> _Exercise requirements_:
Since the listing below shows pictures, leave them out and write out exactly the lines from the line with "Dalmatian Stone House-Buiten" to the line with "Anime Girl Buồn ngồi một mình dưới mưa", both included, and no others.

> _Source material_:
◇ ◇ ◇ ◇

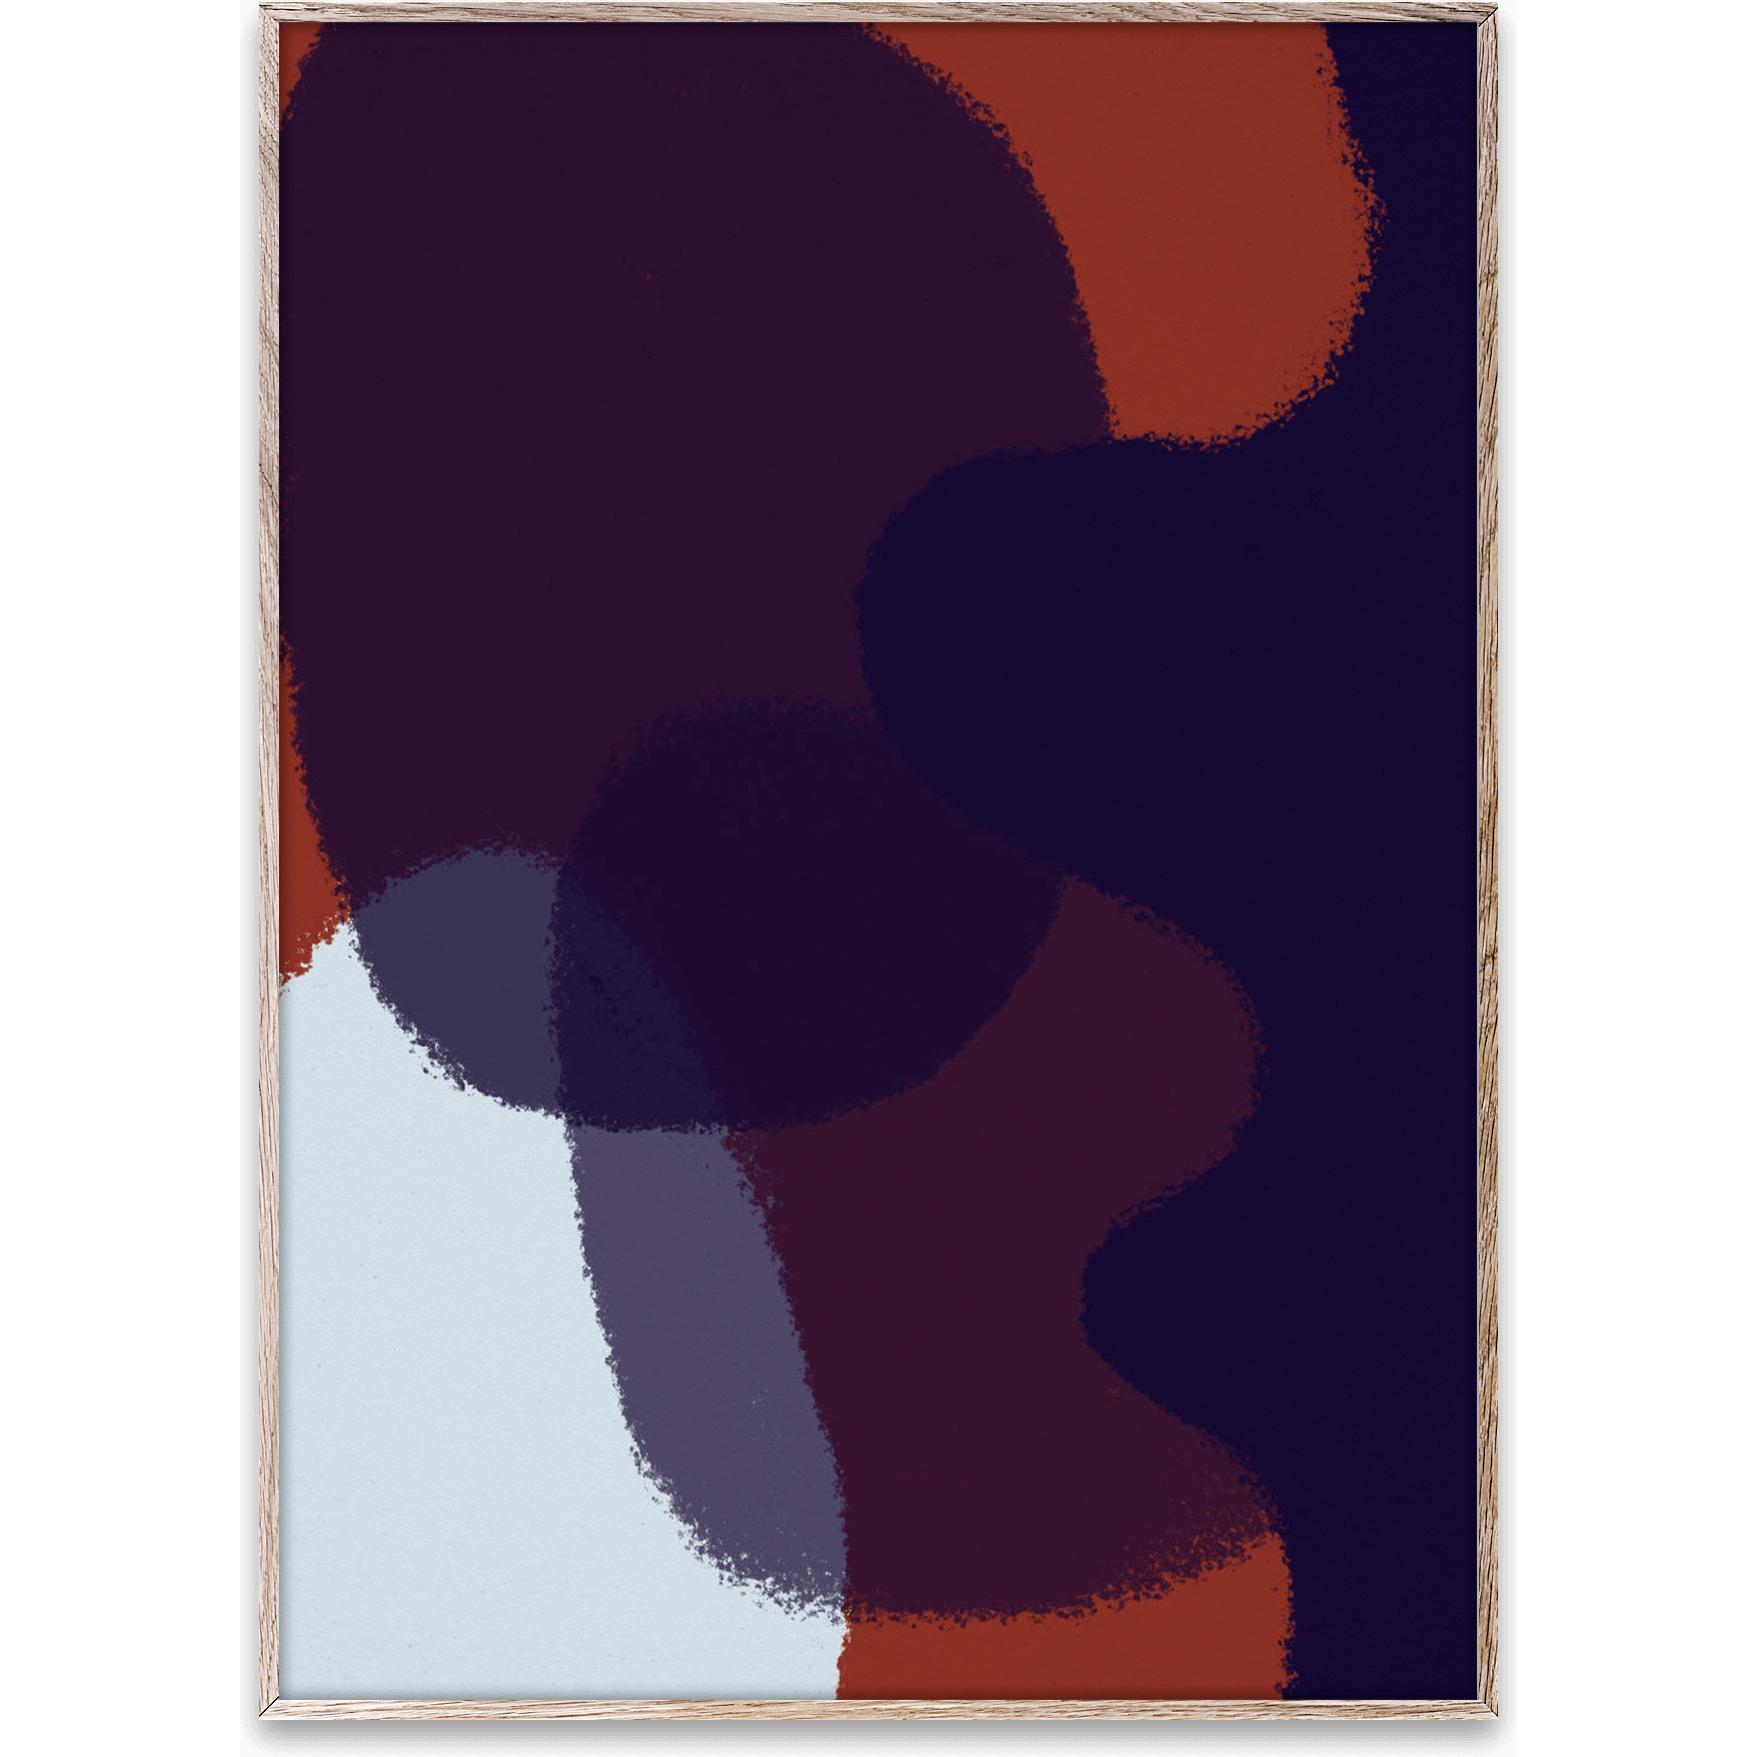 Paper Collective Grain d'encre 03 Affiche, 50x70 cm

◇ ◇ ◇ ◇

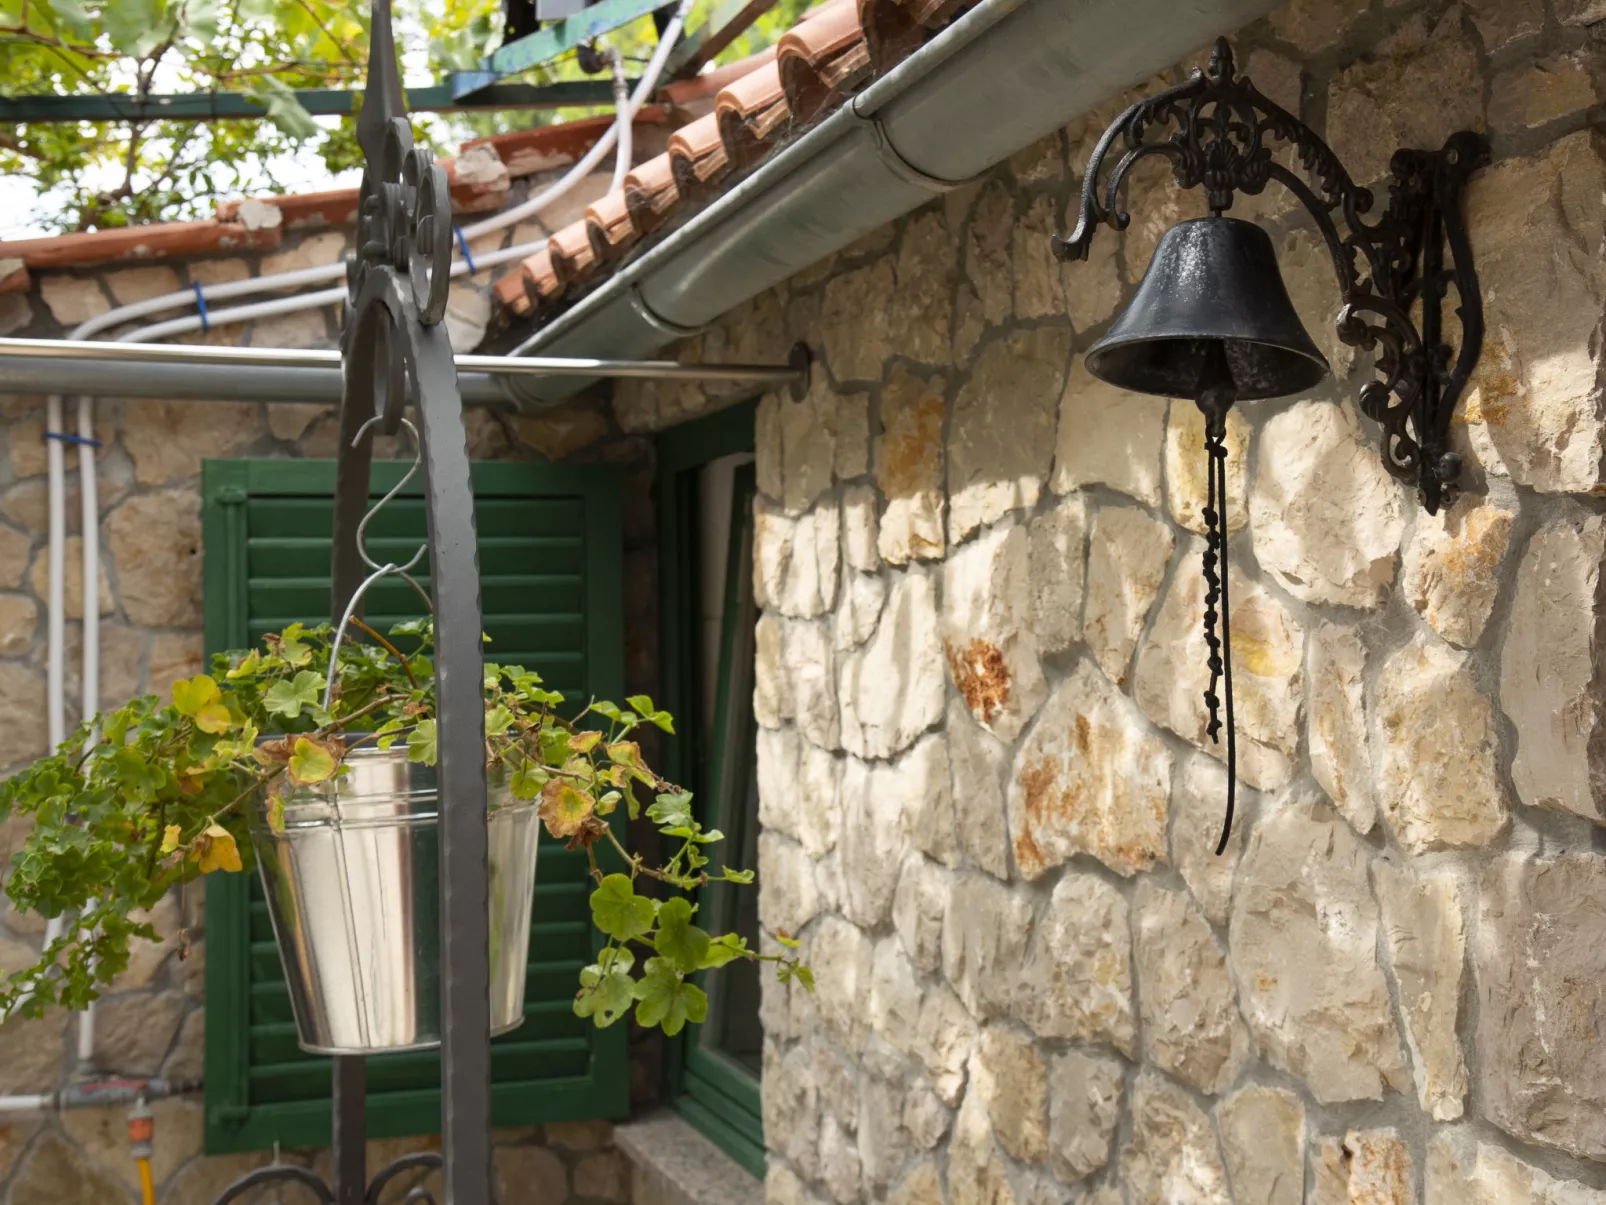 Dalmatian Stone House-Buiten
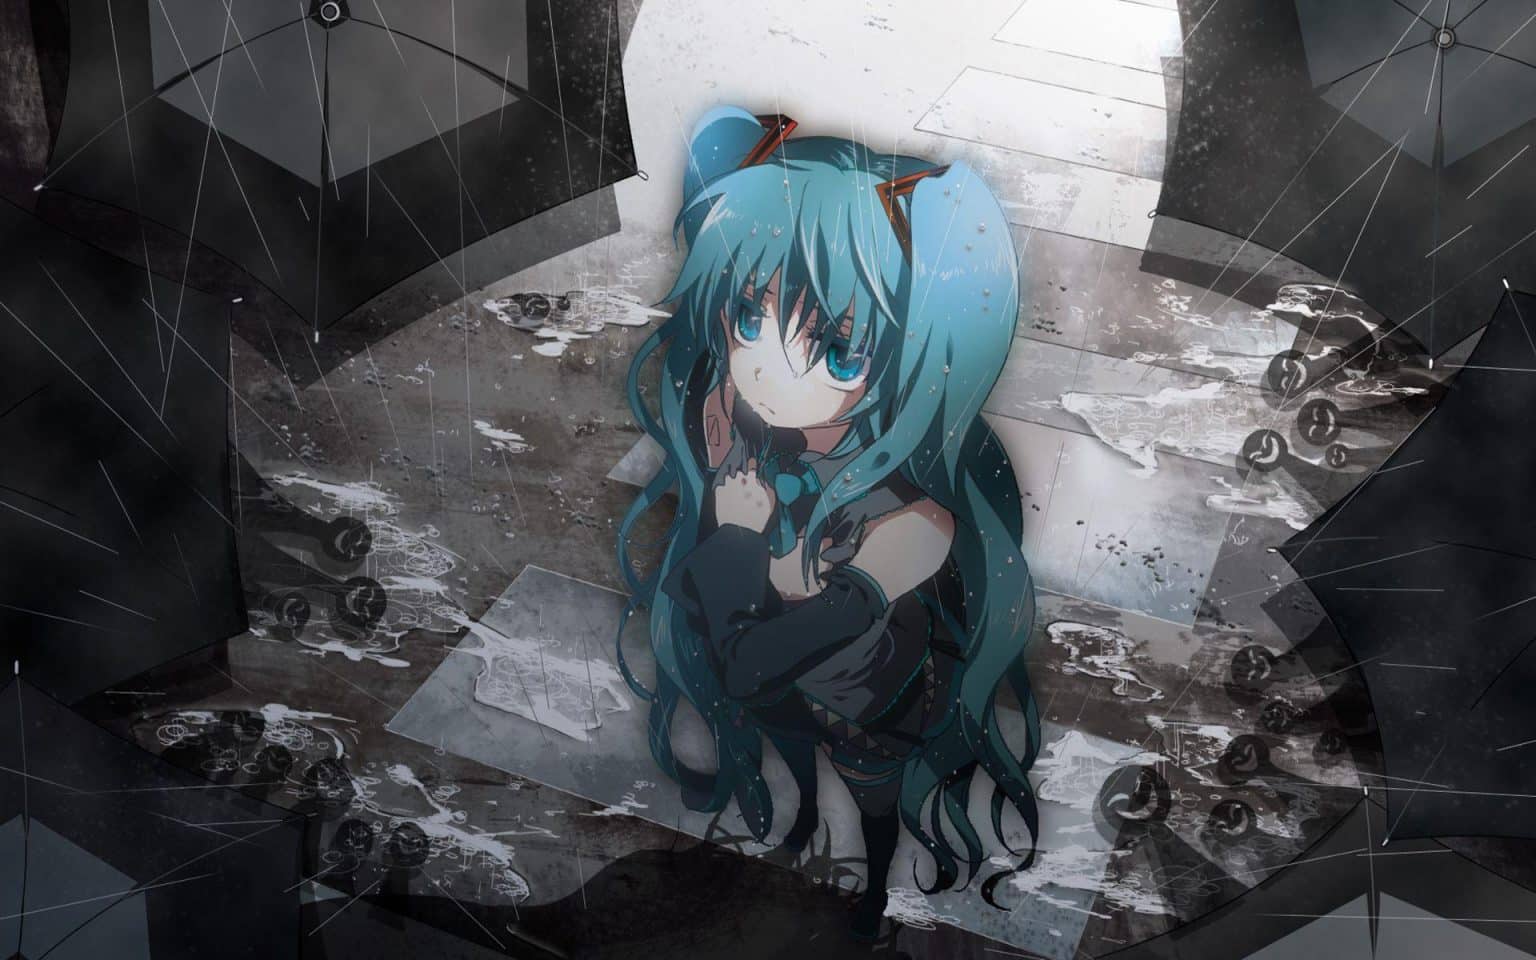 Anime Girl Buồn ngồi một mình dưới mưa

◇ ◇ ◇ ◇

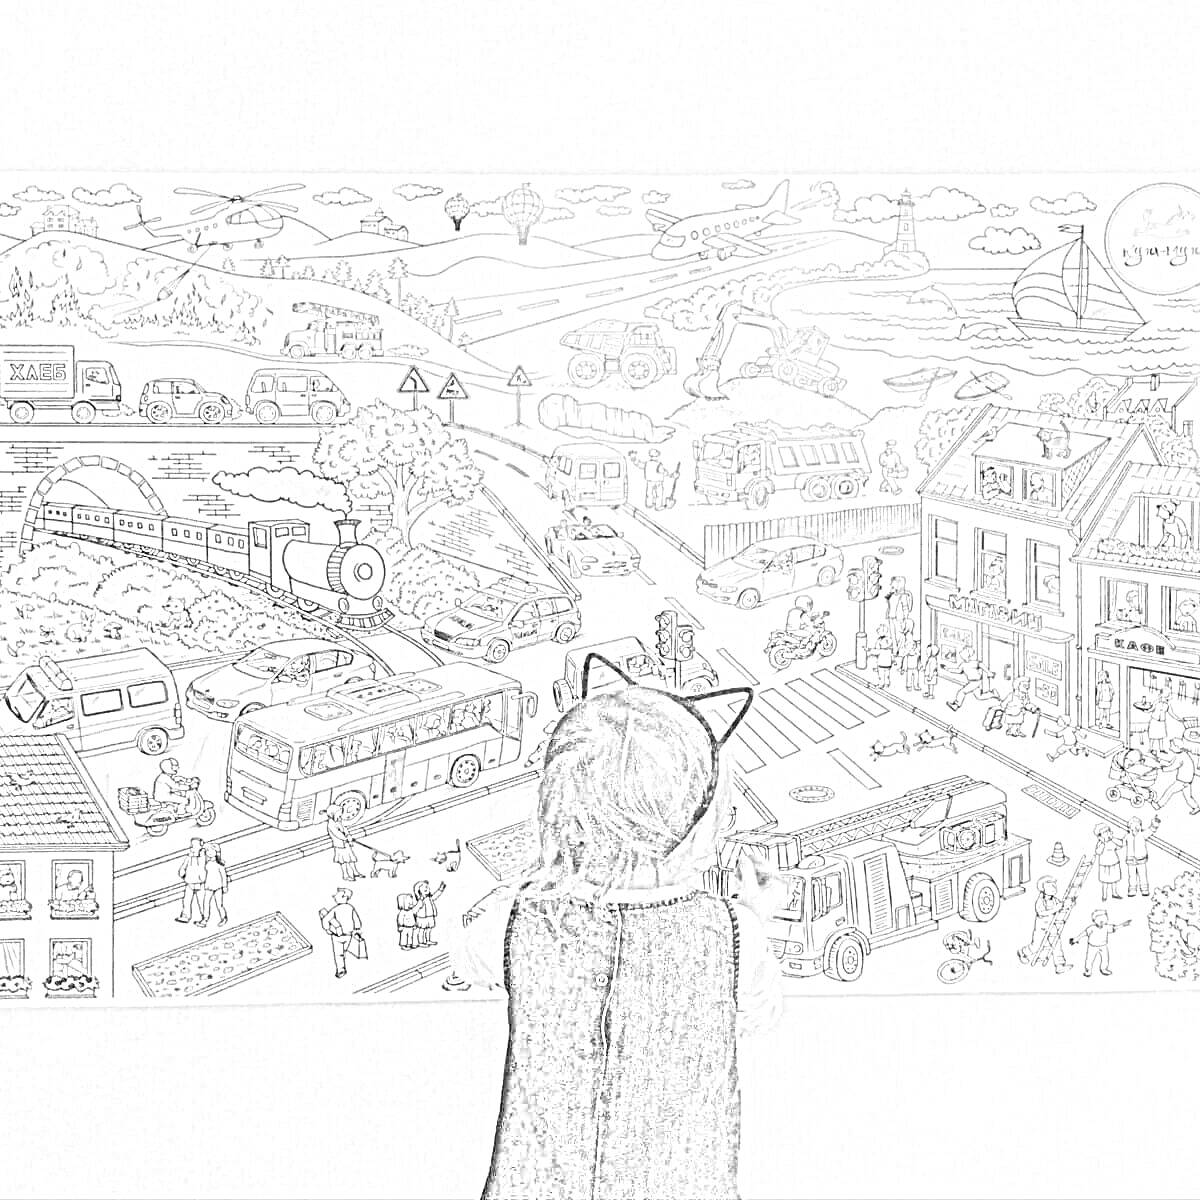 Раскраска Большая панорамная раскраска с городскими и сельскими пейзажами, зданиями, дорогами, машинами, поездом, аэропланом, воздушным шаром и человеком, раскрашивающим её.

◇ ◇ ◇ ◇

> _Result_:
 Dalmatian Stone House-Buiten
 Anime Girl Buồn ngồi một mình dưới mưa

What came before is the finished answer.